2.8. Detection of S1 Subunit Shedding
HEK293T cells were transfected with plasmids encoding either wild-type or mutant S protein. After 40 h, the cell culture media were collected and centrifuged at 1000× g for 10 min to remove cell debris. The supernatants were then concentrated using Amicon Ultra-0.5 mL 3 kDa Centrifugal Filters (Millipore, Cork, Ireland). Thereafter, the S1 subunits in the concentrated supernatants were detected by Western blot with antibodies against the SARS-CoV-2 RBD.
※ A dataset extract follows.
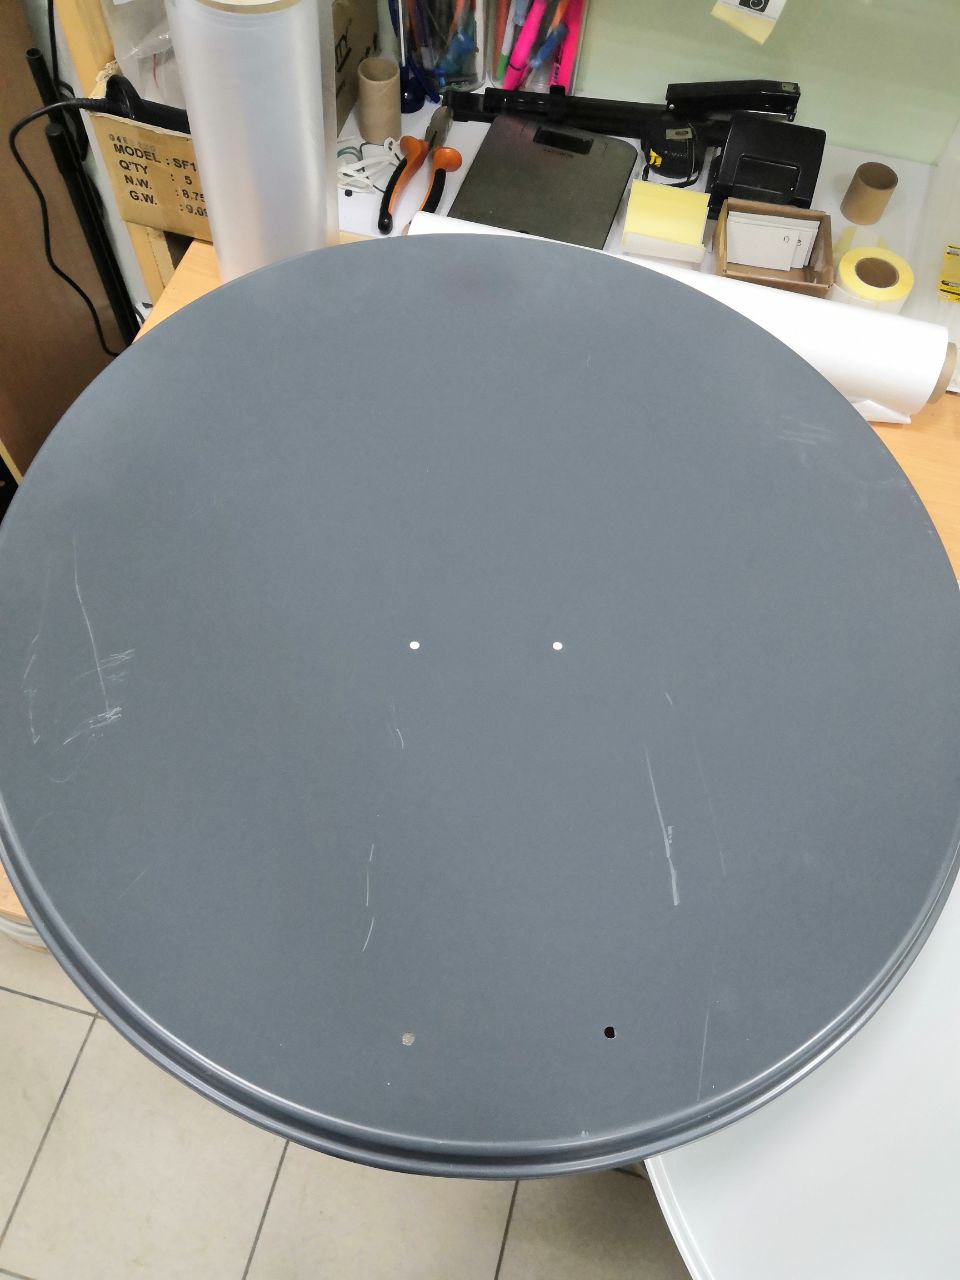 Детальное изображение товара "Спутниковая антенна (тарелка) GIBERTINI PE65A AZ/EL Уценка" из каталога оборудования Антенна76

2.9. Cell Counting Kit-8 (CCK-8) Assay
To estimate the viability of the HEK293T cells in vitro, a CCK-8 assay was conducted according to the manufacturer’s instructions (Vazyme, Nanjing, China). HEK293T cells were seeded into a 96-well plate and cultured in 100 µL of DMEM supplemented with 10% FBS. After overnight attachment, the seeded cells were treated with 100 µg/mL castanospermine or NB-DNJ for 40 h. Afterwards, 10 µL CCK-8 reagent was added to each well and the cells were incubated for 2 h. The absorbance of each well was measured at a wavelength of 450 nm using an automicroplate reader.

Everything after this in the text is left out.